Insulin Action on Glucose Metabolism
Insulin action on whole-body glucose metabolism was determined under normoglycemic hyperinsulinemic conditions, which were created by using the insulin clamp technique.10 The rate of the continuous insulin infusion was 1 mU · kg-1 · min-1. At baseline, free-flowing blood for platelet studies was collected via an 18-gauge catheter (Venflon, Viggo-Spectramed) inserted in the left antecubital vein. After blood sampling, the catheter was used for glucose and insulin infusions, and another catheter was inserted in a heated dorsal hand vein for sampling of arterialized venous blood for measurement of glucose and insulin concentrations, as previously described.11 The amount of glucose infused to maintain normoglycemia during hyperinsulinemia, which was corrected for changes in the glucose space,10 was used to measure whole-body insulin sensitivity and was expressed per kilogram of body weight, square meter of body surface area, and kilogram of fat-free mass.10 At the end of the 3-hour insulin infusion, a third catheter was freshly inserted in an intact median antecubital vein on the opposite side for a second blood sampling for platelet studies. All platelet analyses were performed within 90 minutes of blood sampling.

Whole-Blood Perfusion
Blood Preparation and Labeling of Platelets
Blood for the platelet perfusion study was collected in tubes containing 40 µmol/L (final concentration) D-phenylalanyl-1-propyl-1-arginine chloromethyl ketone (PPACK, Calbiochem, Calbiochem-Novabiochem Corp).
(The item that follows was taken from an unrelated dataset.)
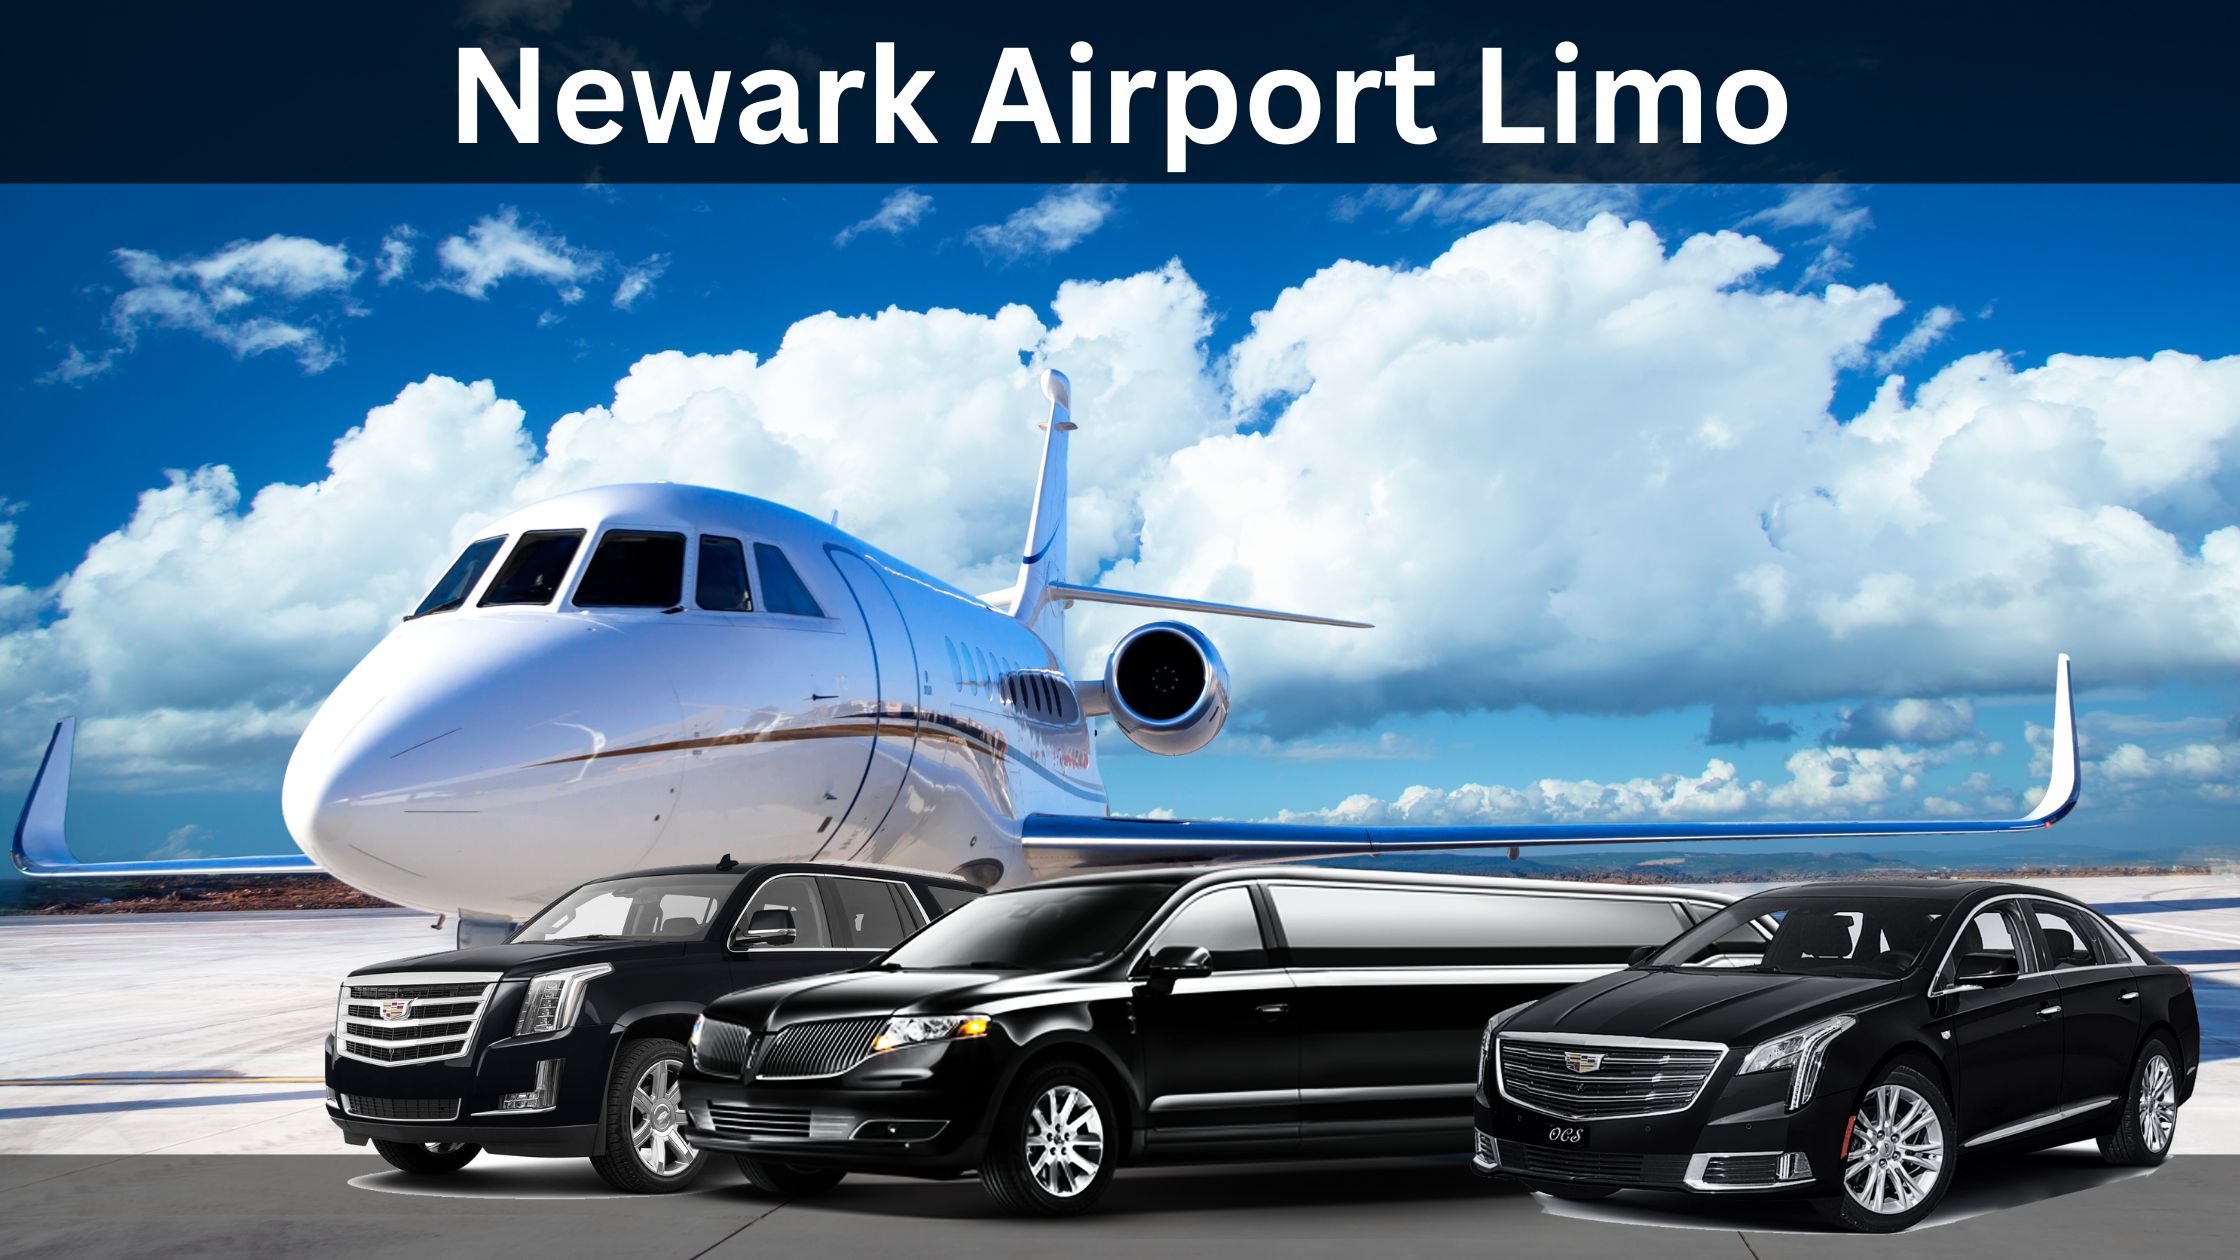 Newark Airport Limo

Platelet-rich plasma (PRP) was separated from blood by centrifugation (180g, 12 minutes), and platelets in PRP were then labeled with 0.45 µL [3H]serotonin per milliliter PRP (10 nmol/L) by incubation at 37°C for 15 minutes. Before the perfusions, labeled PRP and the remaining blood cells were recombined and incubated at 22°C for 30 minutes to stabilize the conditions.8,12

Preparation of the Collagen-Coated Coverslip Perfusion Procedure
Plastic coverslips (Thermanox, NUNC) were coated with collagen fibrils (equine type I, Horm-collagen, Nycomed Arzneimittel; 0.36 mg/mL of 5 mmol/L acetic acid), stored in a moist atmosphere, and used on the same day. The perfusion chamber of Turitto’s group (Hall et al13), with a slit height of 100 µm and a shear rate of 1600 s-1, was used. Before the whole-blood perfusion, the chamber was rinsed with PBS for 60 seconds to ensure airtightness. The surface area of the collagen-coated coverslip exposed to blood in the chamber was 8.1 cm2. Blood was divided into aliquots and warmed at 37°C for 5 minutes before the experiment, and aliquots were perfused through the chamber in a single passage for 2 minutes. After the perfusion, the chamber was rinsed with PBS for 30 seconds to clean the coverslips of excessive blood.
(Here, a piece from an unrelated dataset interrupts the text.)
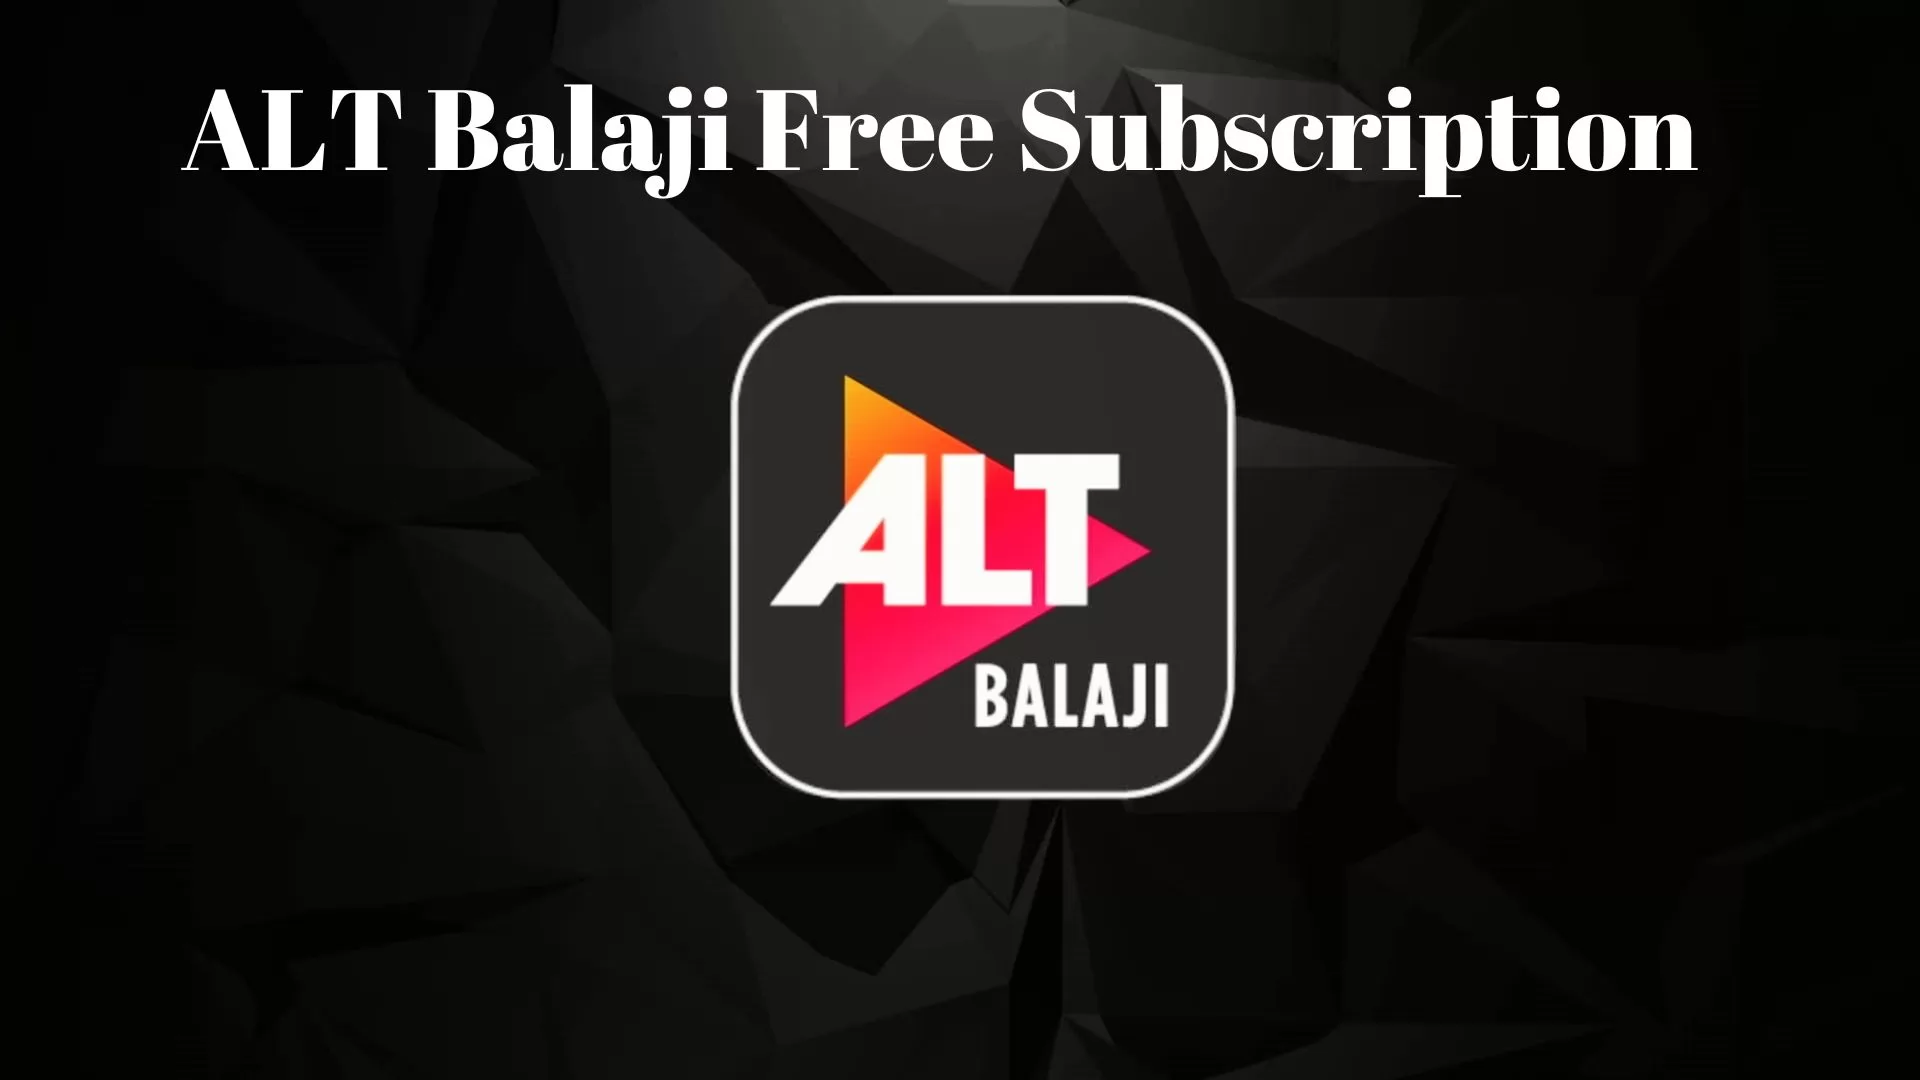 ALT Balaji Free Subscription

Duplicates of coated coverslips were perfused before and after the insulin infusion. After the perfusion, the 3H scintillation activities of the coverslips were analyzed by using a liquid scintillation counter (WinSpectral, Wallac). Before and after the perfusions, platelet counts and whole-blood 3H scintillation activities were determined as previously described.12 The data are expressed as the number of 3H-positive platelets deposited per square centimeter of the coverslip. The platelet-specific activity was calculated from the scintillation activity in the blood with the determined platelet count (Coulter Electronics).
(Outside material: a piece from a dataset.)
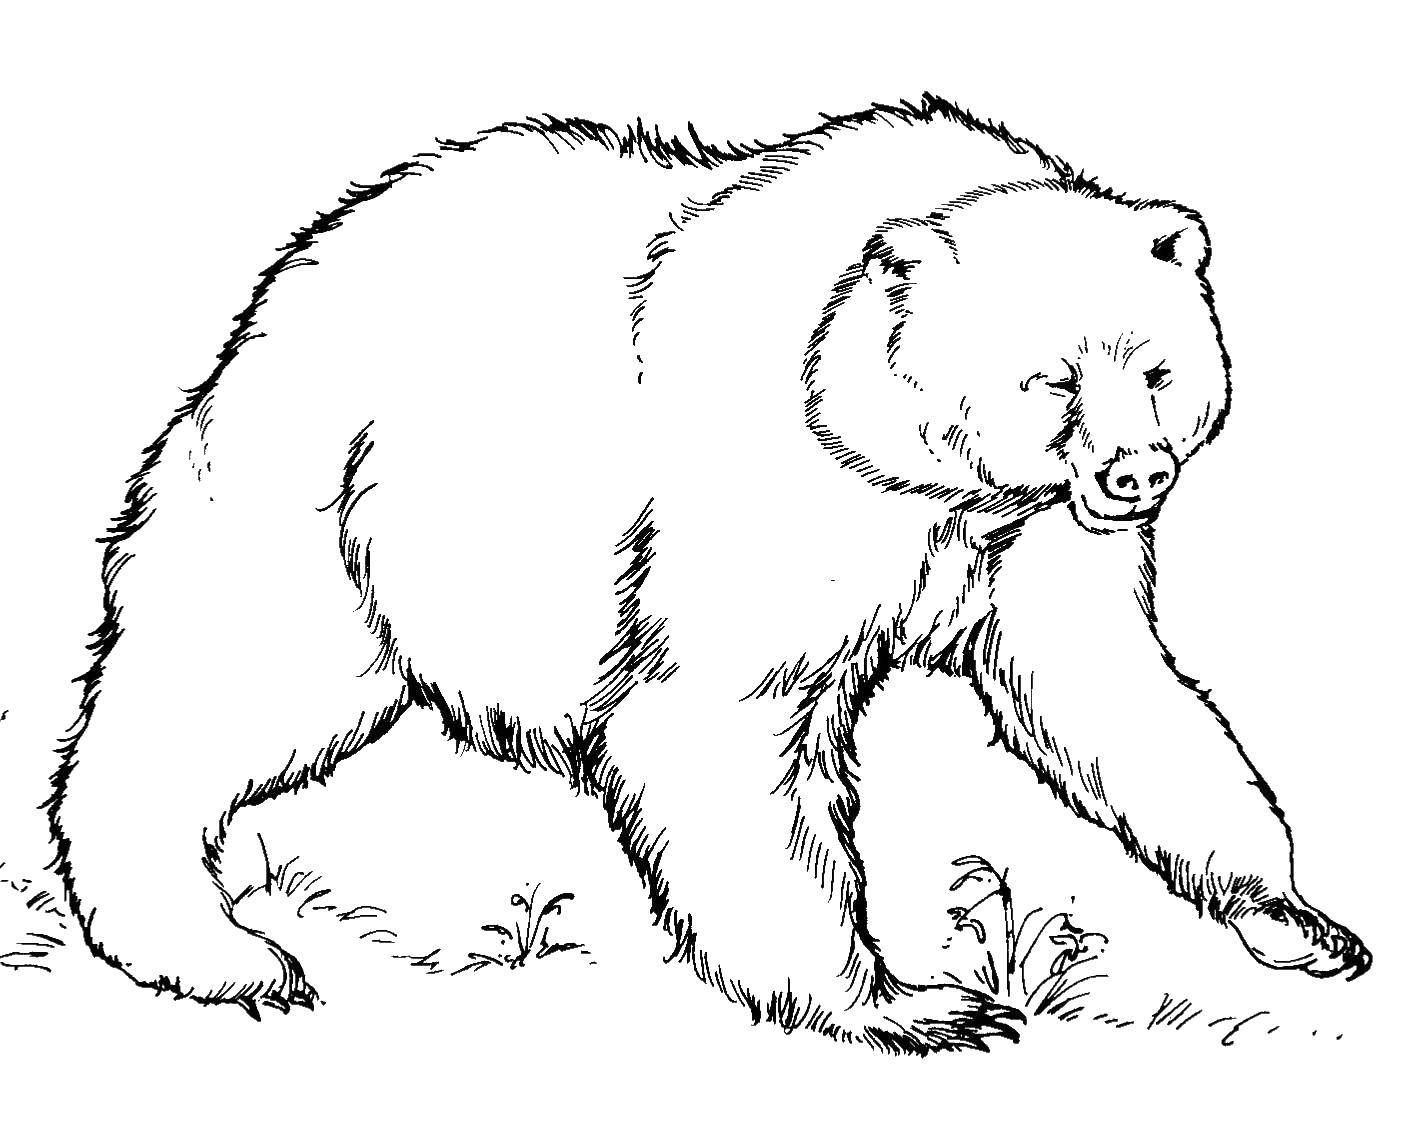 Coloring Bear. Category Animals. Tags:  bear.

Platelet Function Analyses
Samples of citrated plasma were analyzed with a platelet function analyzer (PFA-100 system, Dade Behring AG) that measures platelet-related primary hemostasis under high shear rate conditions.14 The cartridges contain, in addition to collagen fibrils of the same origin as used in perfusion studies, ADP or epinephrine incorporated in the collagen mesh, which blood encounters in a capillary at a shear rate of {approx}4000 s-1. Duplicate samples were loaded in collagen/ADP and collagen/epinephrine cartridges, and the mean value of the closure time was determined.

Platelet Aggregation
Blood for platelet aggregation measurements was collected into tubes containing 0.129 mol/L sodium citrate (9:1) and centrifuged to obtain PRP. Platelet-poor plasma was prepared by centrifugation of the rest of the blood at 2000g for 10 minutes. The concentration of platelets in PRP was determined by a cell counter (Cell-Dyn 1600, Abbott Diagnostics) and adjusted to 250x106/mL with autologous platelet-poor plasma.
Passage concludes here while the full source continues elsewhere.